Under the Natural Gas Act, FERC has authority to regulate natural gas companies that provide natural gas pipeline transportation services in interstate commerce. Its authority to regulate those services includes the rates charged for the services, terms and conditions of service, certification and construction of new facilities, the extension or abandonment of services and facilities, the maintenance of accounts and records, the acquisition and disposition of facilities, the initiation and discontinuation of services, and various other matters.
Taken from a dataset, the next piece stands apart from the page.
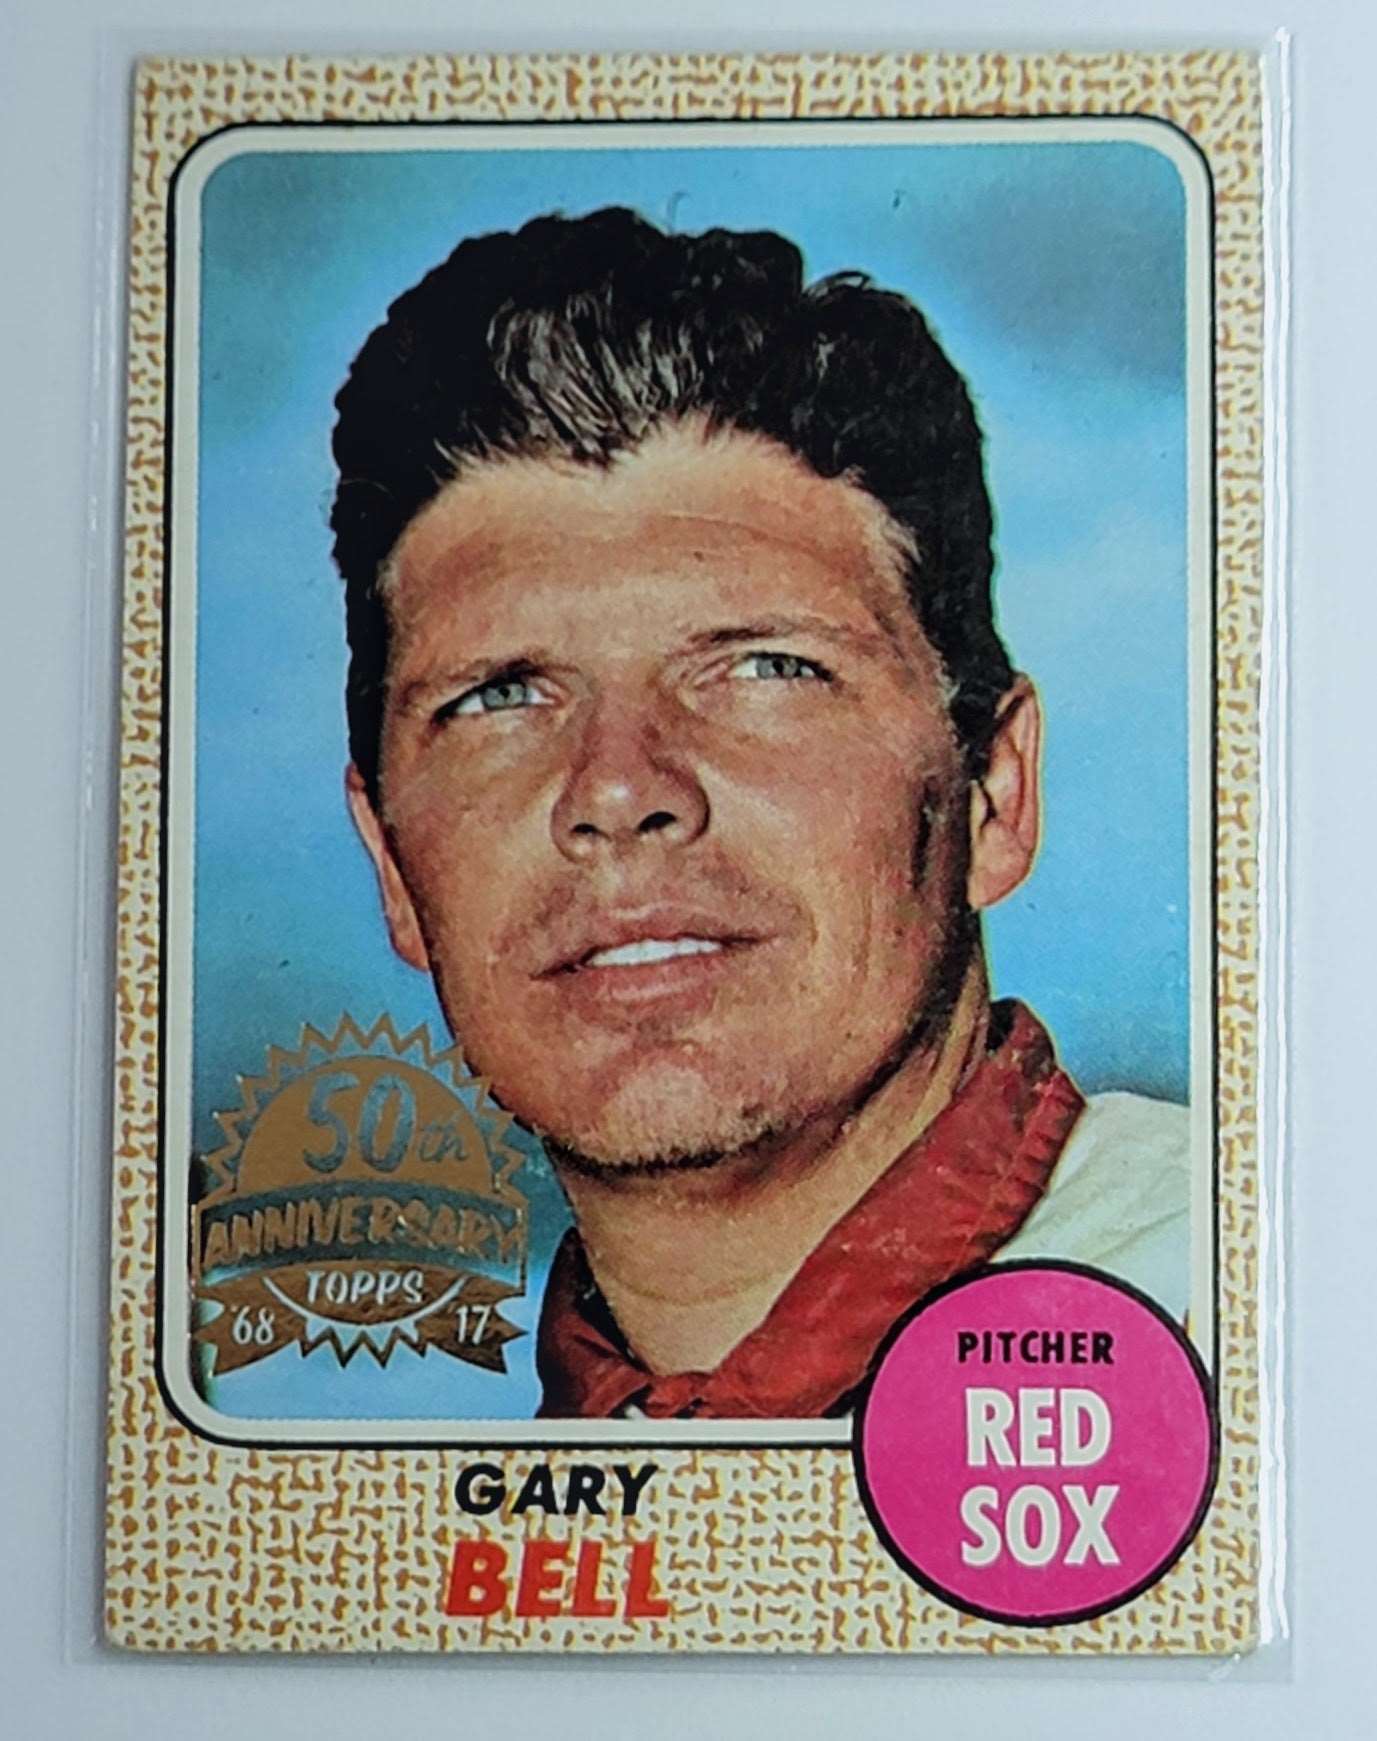 1968 Topps Gary Bell 50th Anniversary Stamped Baseball Card  TH13C simple Xclusive Collectibles   
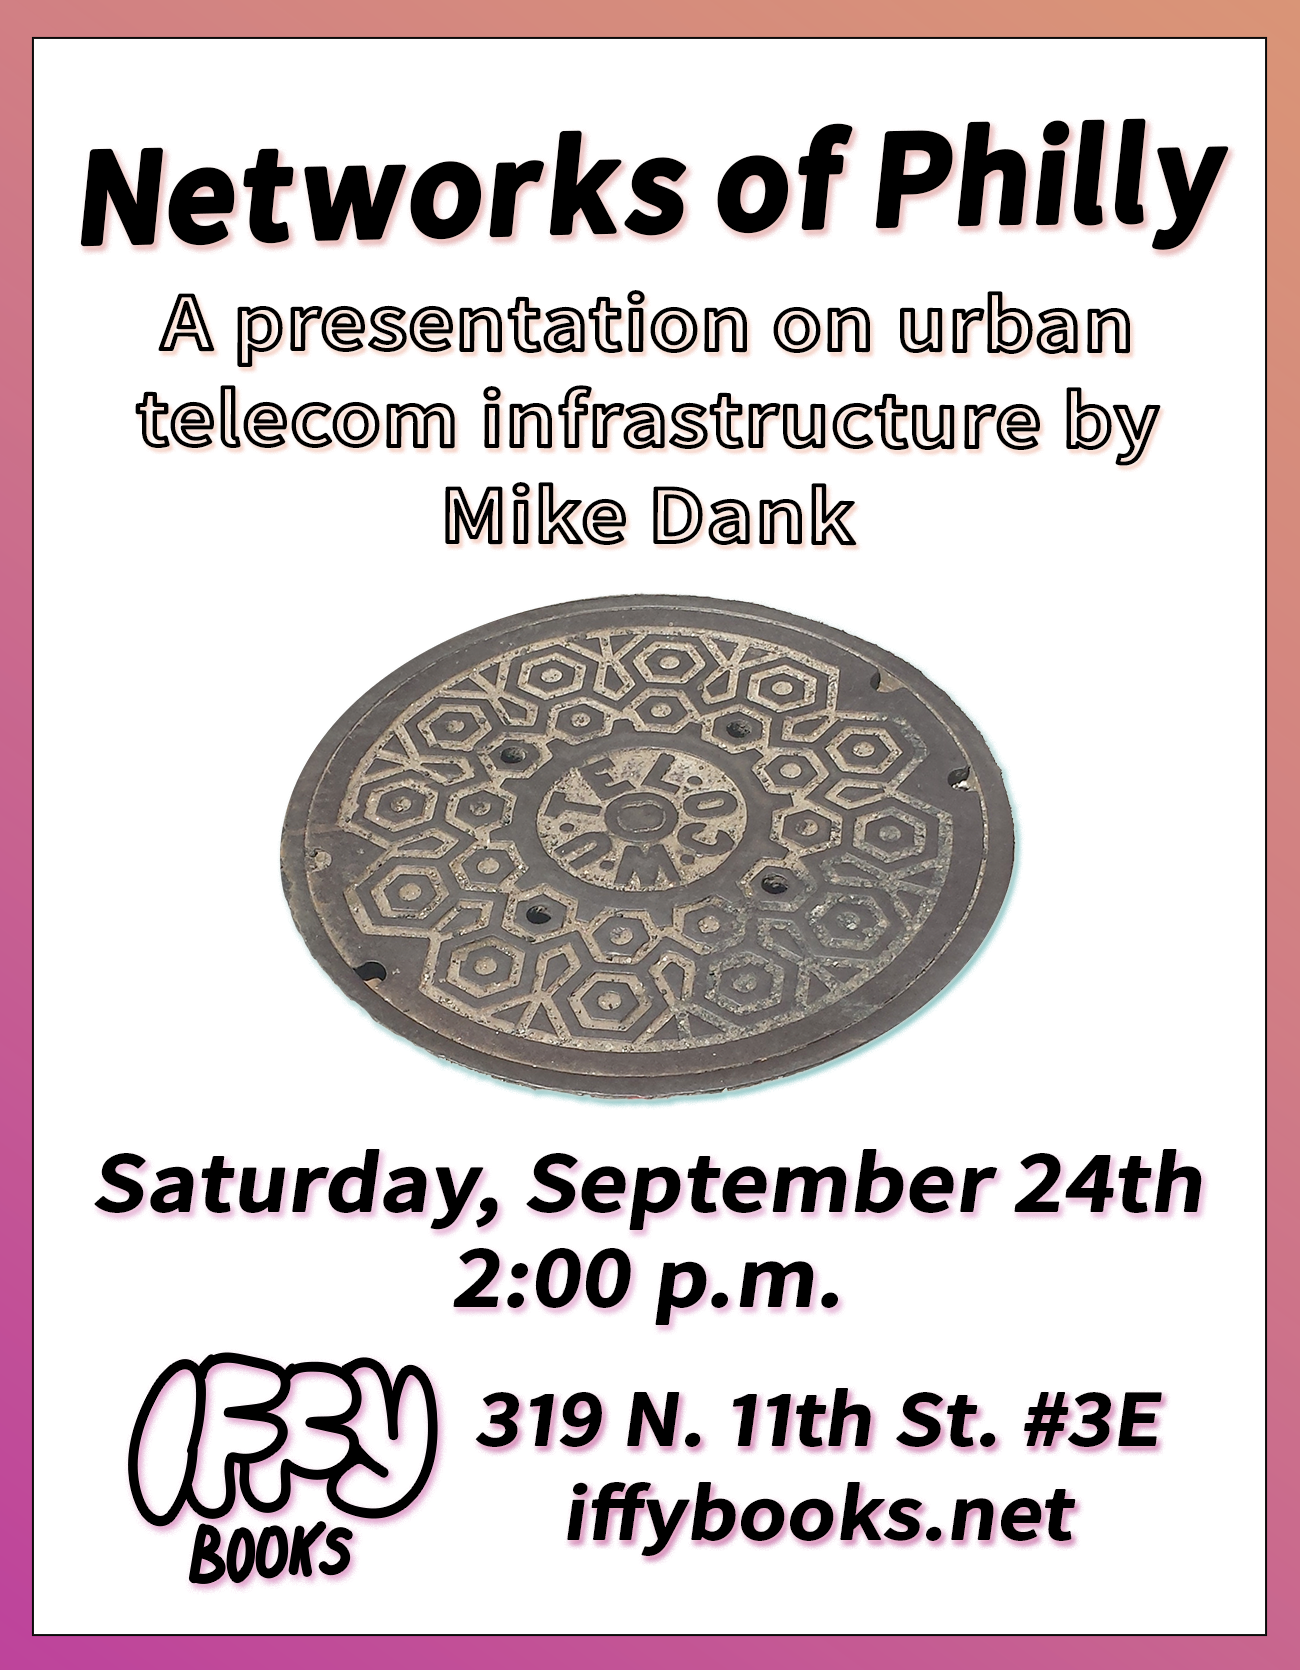 Event flyer with black sans-serif text and a pink-orange gradient around the border. The text reads "Networks of Philly / A presentation on urban telecon infrastructure by Mike Dank / Saturday, September 24th / 2:00 p.m. / Iffy Books / 319 N. 11th St. #3E (3rd floor)." In the middle of the flyer there's a manhole cover with a hexagon pattern and the inscription "W•U•Tel•Co"

Natural gas companies may not charge rates that have not been determined to be just and reasonable by FERC. In addition, FERC prohibits natural gas companies from unduly preferring or unreasonably discriminating against any person with respect to pipeline rates or terms and conditions of service.

On September 29, 2006, Transwestern filed revised tariff sheets under section 4(e) of the Natural Gas Act (“NGA”) proposing a general rate increase to be effective on November 1, 2006. On March 9, 2007, Transwestern filed with the FERC its Stipulation and Agreement of Settlement (“Stipulation and Agreement”) which provides for (i) revised base tariff rates, (ii) the amortization of certain costs, including the Enron Cash Balance Plan, regulatory commission expense, post retirement benefits, the accumulated reserve adjustment regulatory asset, deferred income taxes, and certain non-PCB environmental costs, and (iii) a depreciation rate of 1.20 percent for all transmission plant facilities. On April 27, 2007, the FERC approved the Stipulation and Agreement with an effective date of April 1, 2007. Transwestern’s tariff rates and fuel charges are now final until October 2011, the time stipulated in the settlement for the commencement of a new rate case.

The rates, terms and conditions of service provided by natural gas companies are required to be on file with FERC in FERC-approved tariffs. Pursuant to FERC’s jurisdiction over rates, existing rates may be challenged by complaint and proposed rate increases may be challenged by protest. We cannot assure you that FERC will continue to pursue its approach of pro-competitive policies as it considers matters such as pipeline rates and rules and policies that may affect rights of access to natural gas transportation capacity, transportation and storage facilities. Any successful complaint or protest against Transwestern’s FERC-approved rates could have a prospective impact on our revenues associated with providing transmission services on Transwestern’s pipelines.

Failure to comply with the NGA can result in the imposition of administrative, civil and criminal remedies.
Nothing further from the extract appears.